## Exercise
Drop the pictures; give again exactly the lines from the one holding "FCC Chairman Tom Wheeler at Disrupt in 2015." through the end of the data.

## Information provided
[Start of section]
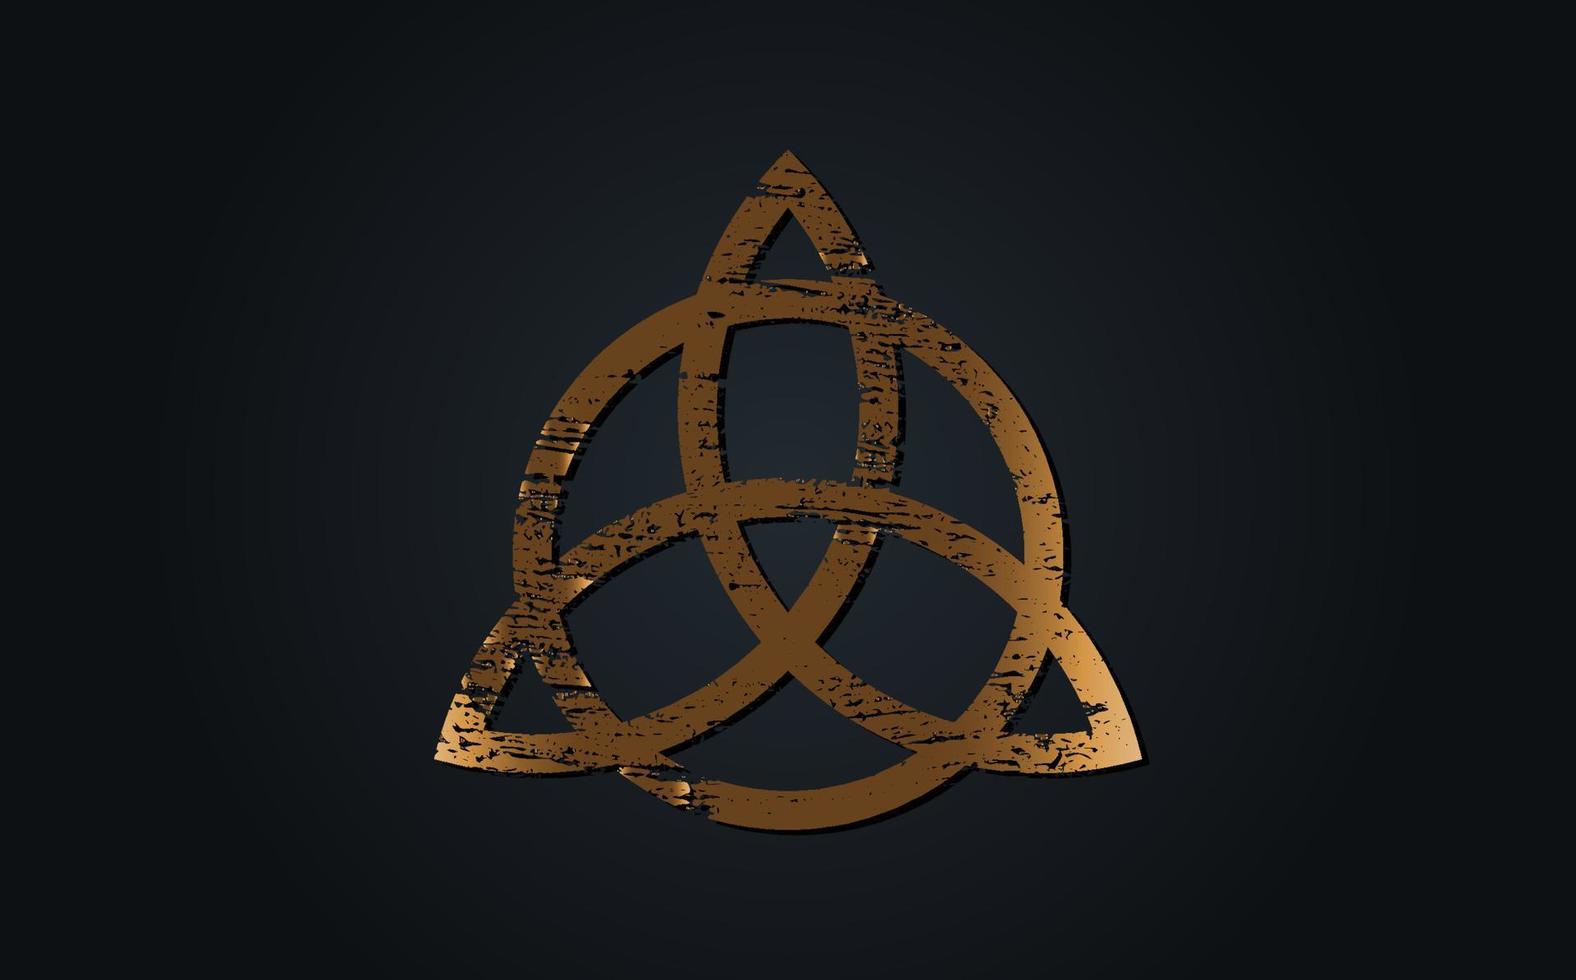 Gold Ancient Triquetra, Trinity Knot, Wiccan symbol for protection. Grunge Celtic old sign. Wiccan divination symbol, occult symbols, sacred geometry vector isolated on black background
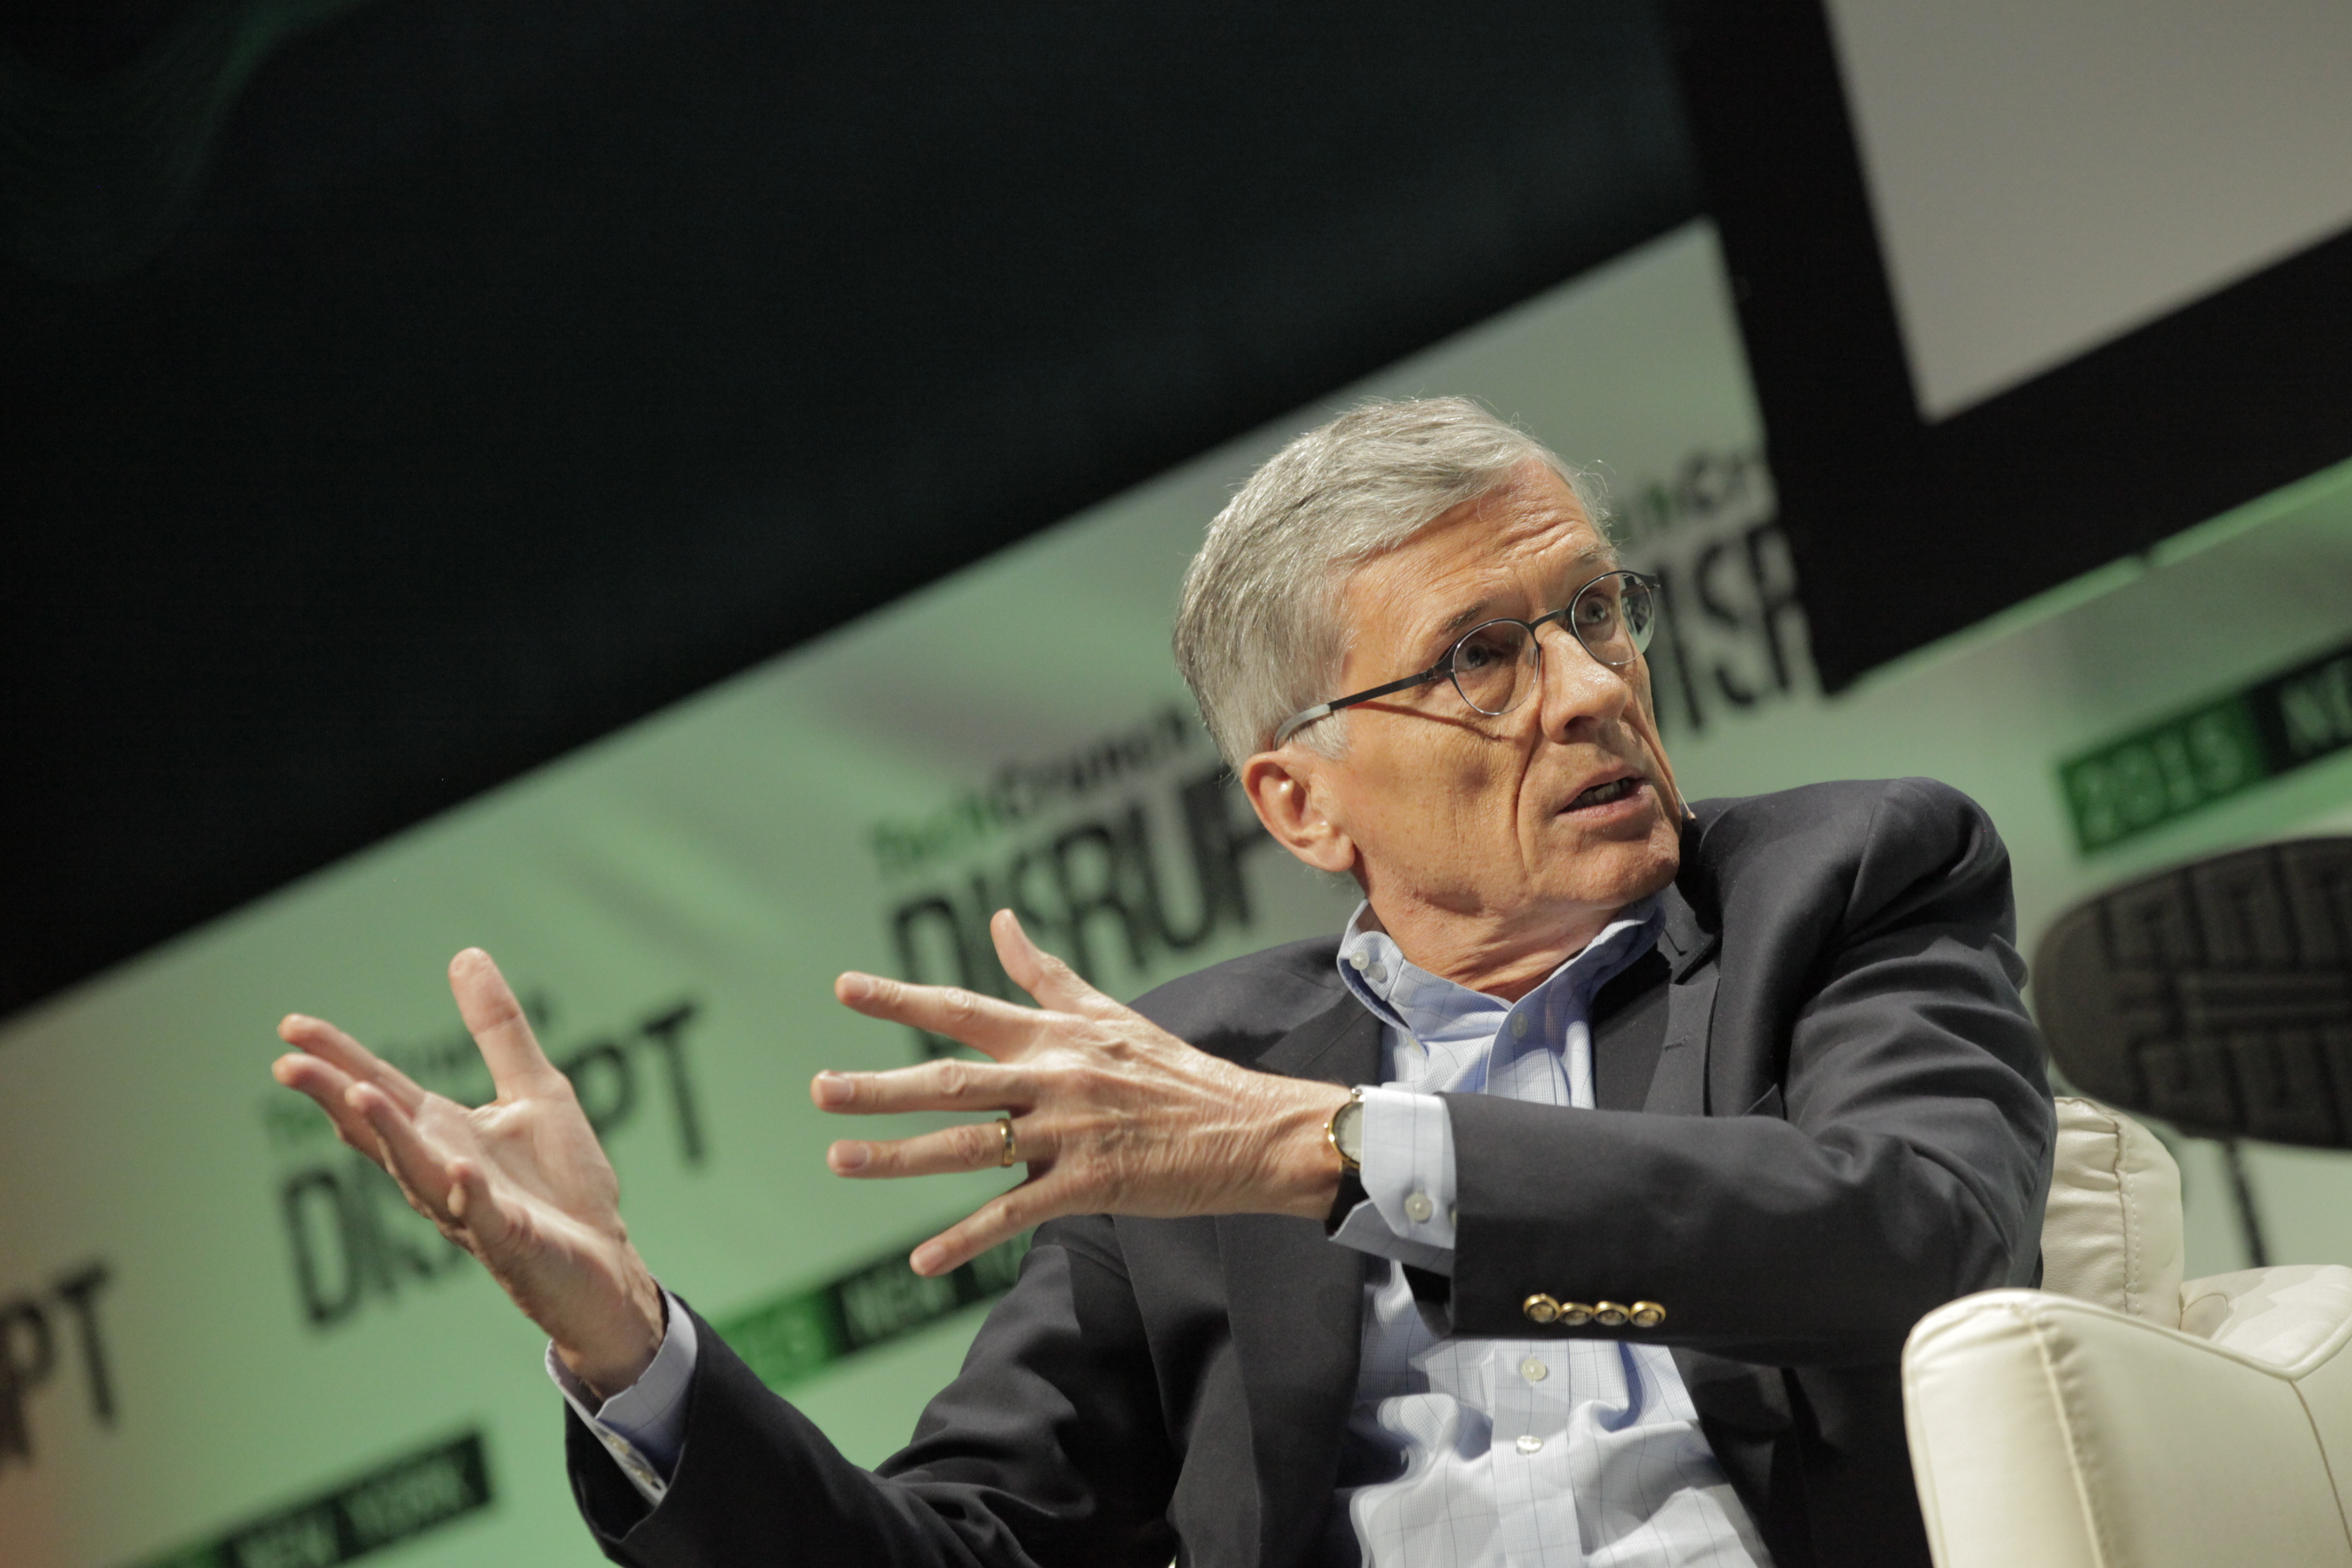 FCC Chairman Tom Wheeler at Disrupt in 2015.
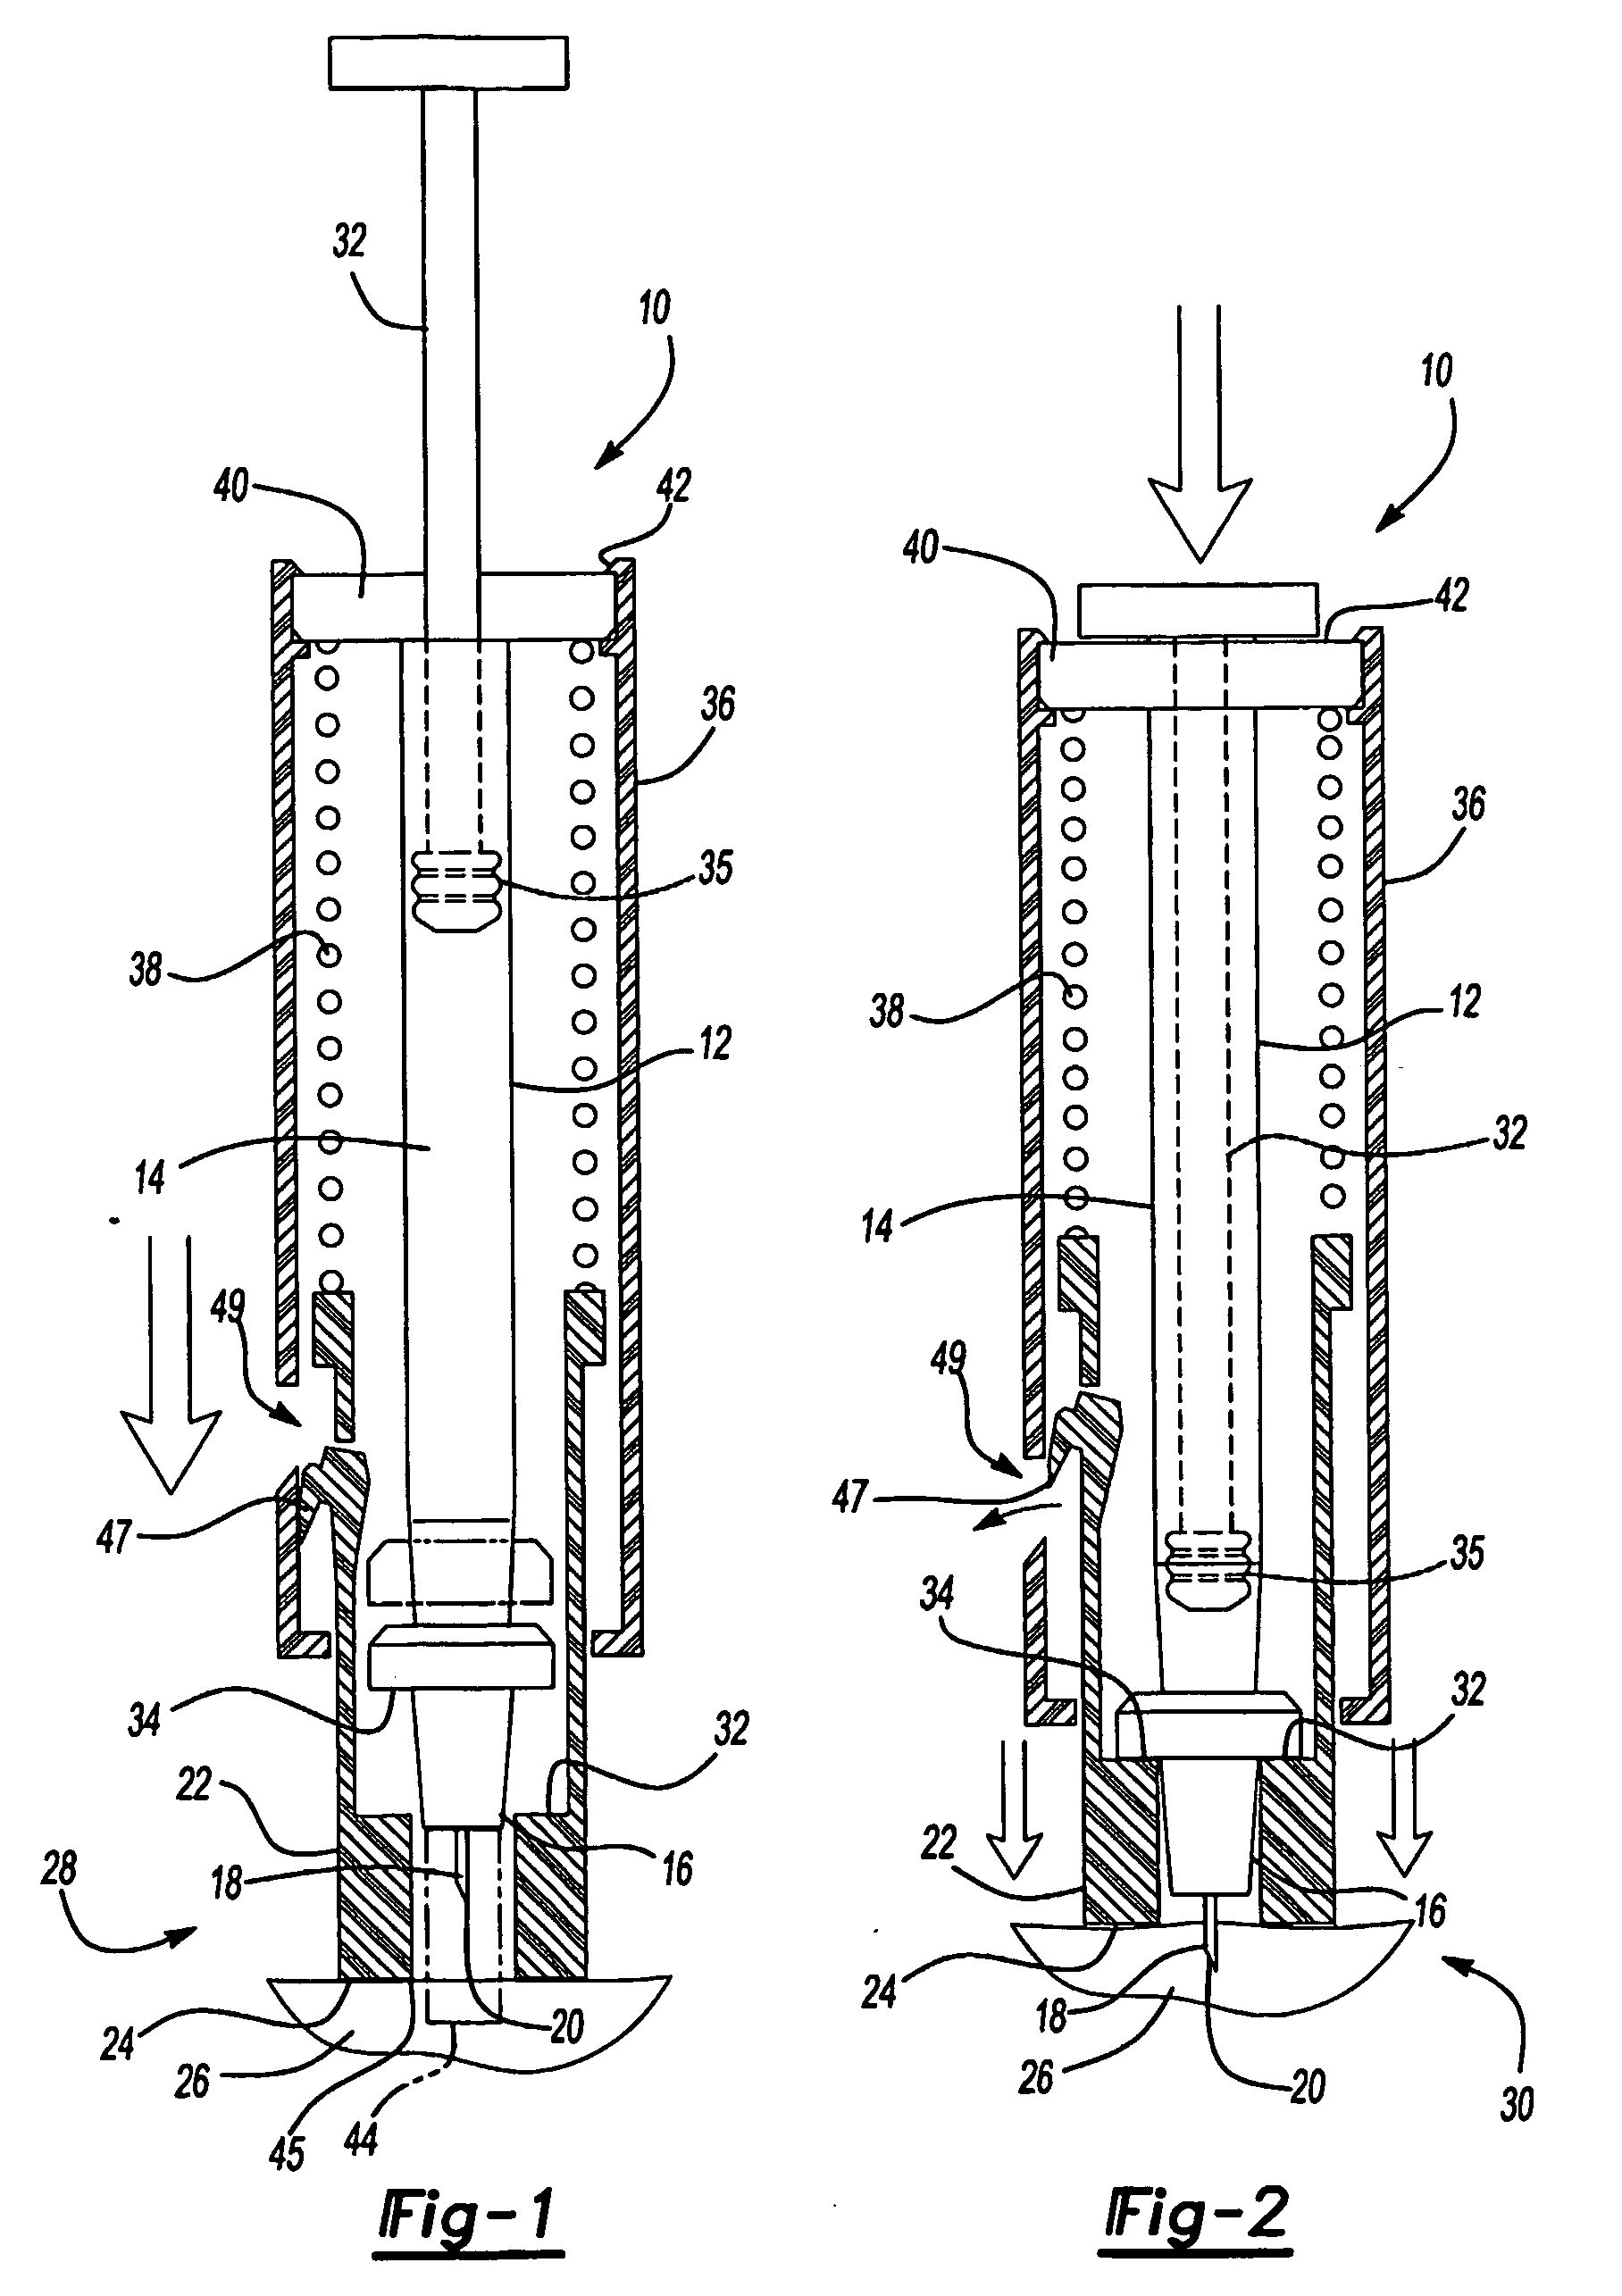 Prefillable intradermal delivery device with hidden needle and passive shielding
[End of section]
## Response for this exercise
 FCC Chairman Tom Wheeler at Disrupt in 2015.
 Prefillable intradermal delivery device with hidden needle and passive shielding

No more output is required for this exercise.